Googling a family planning service, chatting with a pregnant friend on Facebook or data on a menstrual cycle tracking application: these are all digital traces that could be used against women and their “accomplices” in the event of abortion in certain American states.

Democrats and human rights groups have called on big tech platforms to better protect personal data, following Friday's US Supreme Court decision to revoke the federal right to privacy. abortion.

The difference between today and the last time abortion was illegal in the United States is that we live in an era of unprecedented online surveillance, reacted on Twitter Eva Galperin, director of cybersecurity at the NGO Electronic Frontier Foundation (EFF).

If tech companies don't want their data to turn into a mousetrap […], they must stop collecting this data now. We must not sell them and we must not have them when the court orders arrive, she hammered.

Google and Meta (Facebook, Instagram, Messenger) track their users to be able to sell highly targeted and personalized advertising space to advertisers.

The information collected is anonymized, but remain accessible to authorities with a warrant. However, after the Supreme Court's decision, many conservative states have already planned to ban voluntary terminations of pregnancy on their soil.

Google's parent company, Alphabet, continues to rake in huge profits, due to its position in the online advertising market.

Some laws passed even before #x27;Supreme Court ruling, like in Texas in September, encourages ordinary citizens to sue women suspected of having abortions or those who helped them – even an Uber driver who allegedly took them at the clinic, for example.

Google's technologies therefore risk becoming tools for extremists who want to suppress people seeking reproductive health care, wrote 42 elected officials in the United States in a late May open letter to the leader. of Google, Sundar Pichai.

Because Google maintains information about the geographic location of hundreds of millions of smartphone users that x27;he regularly shares with government agencies, they added.

Google did not react to several requests from AFP on this subject. Meta and Apple have not responded either.
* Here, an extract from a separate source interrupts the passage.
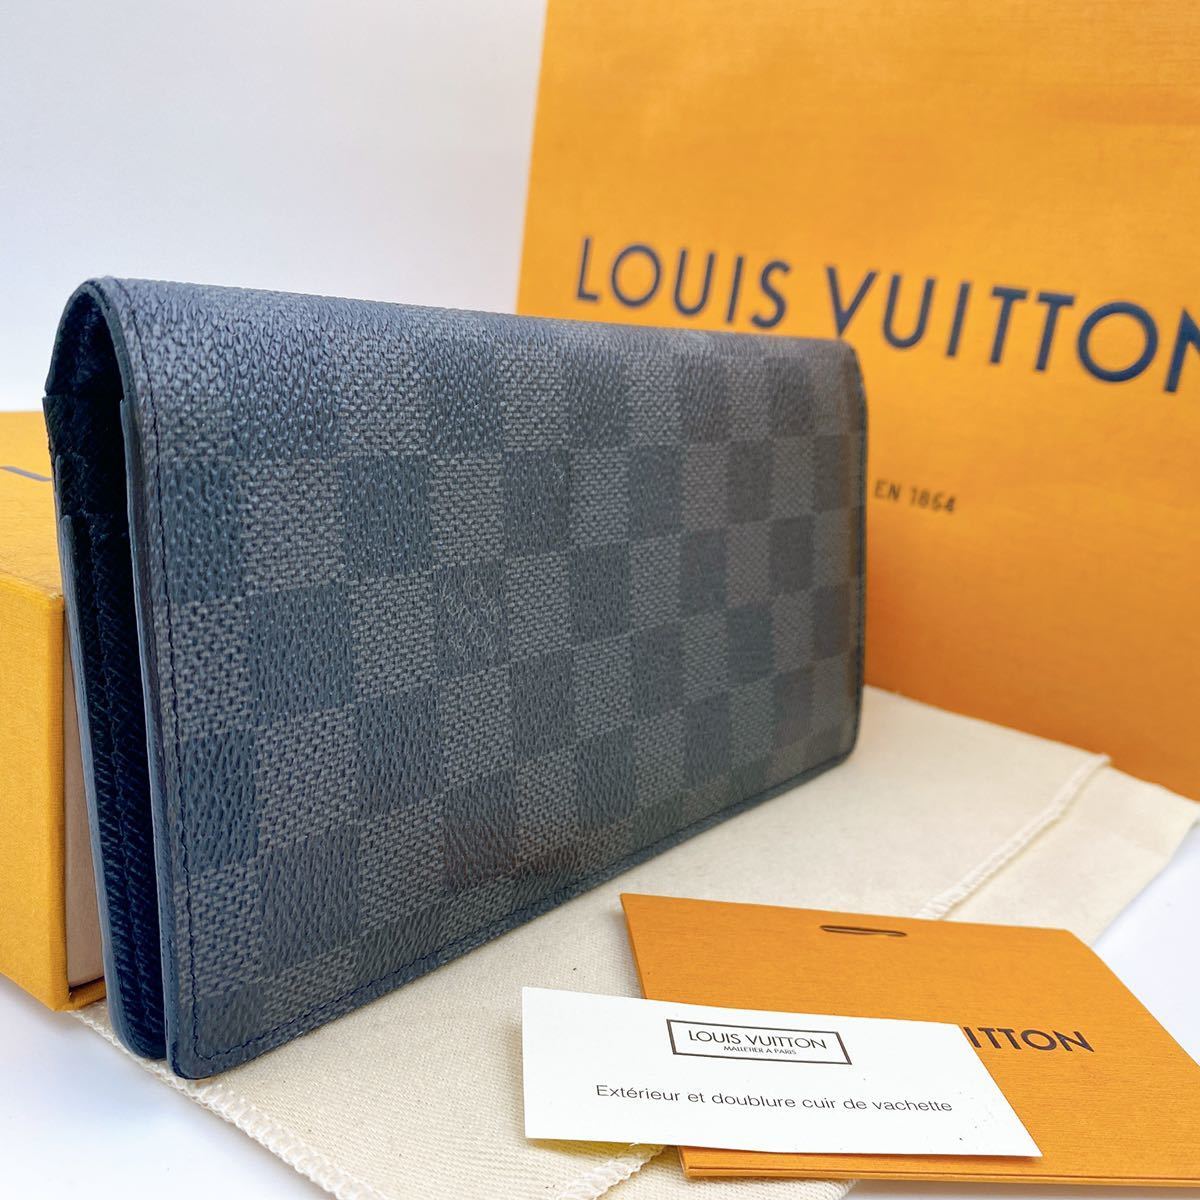 A463【美品】LOUIS VUITTON ルイヴィトン ダミエ グラフィット

So far, they have remained discreet, notes Corynne McSherry, legal director of the NGO EFF .

They can and should do much more to protect the privacy of user data, she stressed. And if this disrupts their economic model, it is time to change the model, she added.
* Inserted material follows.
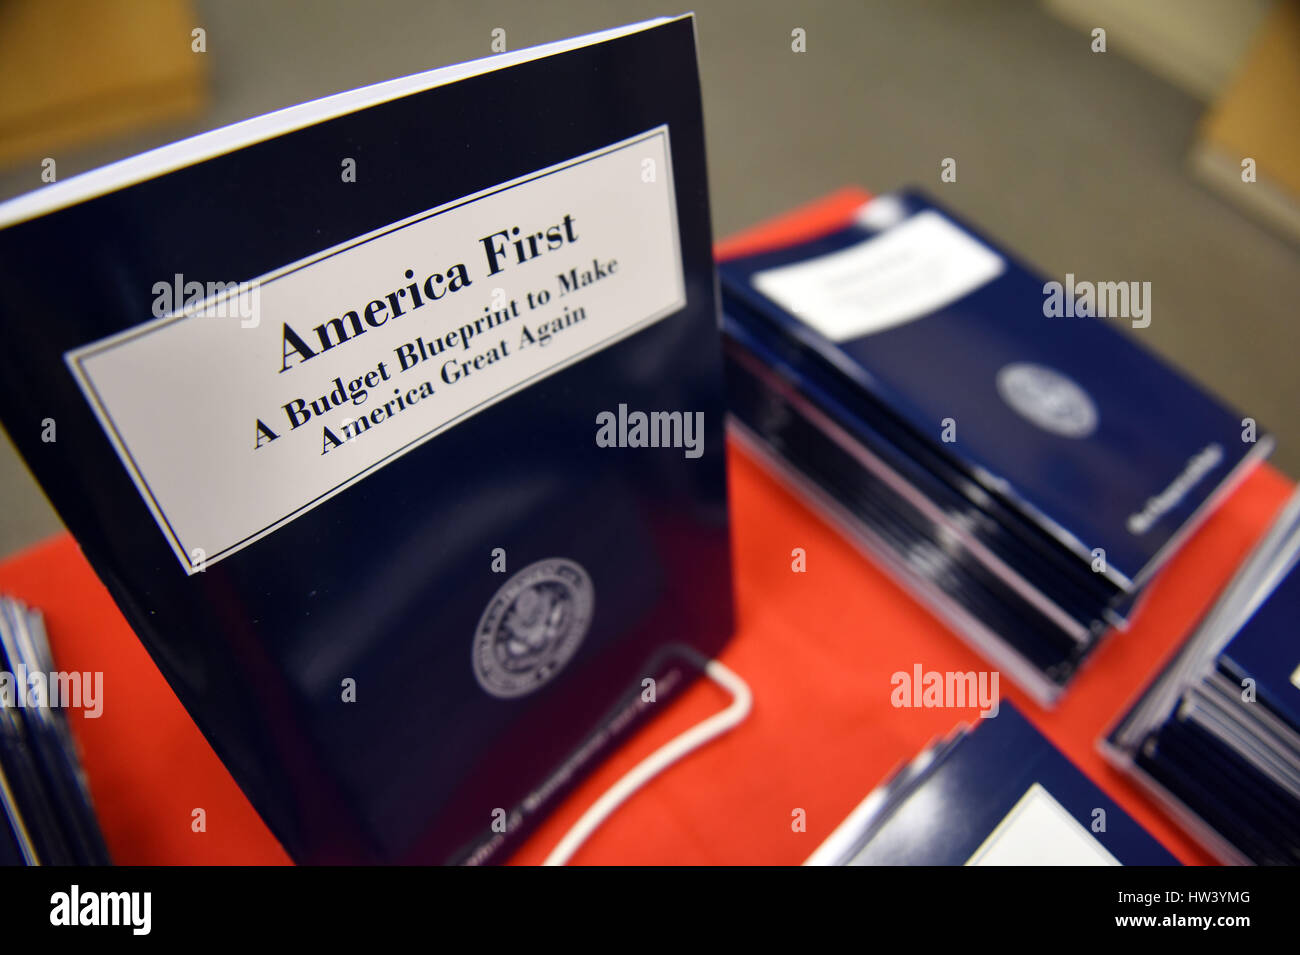 Washington, USA. 16th Mar, 2017. Copies of U.S. President Donald Trump administration's first budget blueprint are seen in Washington, DC, the United States, on March 16, 2017. U.S. President Donald Trump on Thursday unveiled the administration's first budget blueprint which seeks deep cuts across federal departments and agencies in order to fund rising defense spending. Credit: Yin Bogu/Xinhua/Alamy Live News Stock Photo

The association has published a list of recommendations for platforms: collect less data, encrypt it, do not share it with dubious companies or do not force users to authenticate.
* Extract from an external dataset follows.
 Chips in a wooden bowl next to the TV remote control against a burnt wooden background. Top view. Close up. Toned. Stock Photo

The organization is also calling on them not to give in to any potential demands, such as a warrant that would demand information on all smartphones near a family planning service.

Social networks are accused of using the personal data of their users for advertising purposes.

But even if the companies made efforts, this would not exempt the persons concerned from taking measures themselves to protect their personal data, recognizes the NGO.

She advises them to use less data-intensive search engines, such as DuckDuckGo, encrypted messaging services such as Signal or ProtonMail, and even virtual private networks (VPNs). These are popular digital tools for activists and journalists in authoritarian countries.

On TikTok and Instagram, influencers are also calling for the removal of mobile applications for fertility or contraception.

Natural Cycles (NC) set out to create a completely anonymous experience, co-founder Elina Berglund Scherwitzl said on Twitter on Friday.

The goal is to make so that no one – not even Natural Cycles – could identify the user, she insisted.

But beyond companies and citizens, the responsibility for protecting sensitive data should fall to the authorities, remind politicians.

Le Capitole, à Washington, is home to the United States Congress, made up of the Senate and the House of Representatives.

It is not up to individuals to figure out how to erase their tracks, and what apps are safe or not. It's up to us in government to do our job, said Sara Jacobs, a Democratic parliamentarian in an interview with AFP on Friday.

In early June , she filed a bill in Congress (My Body My Data Act, which means in French my body my data) which would in particular oblige companies to collect only the health information strictly necessary to provide their services.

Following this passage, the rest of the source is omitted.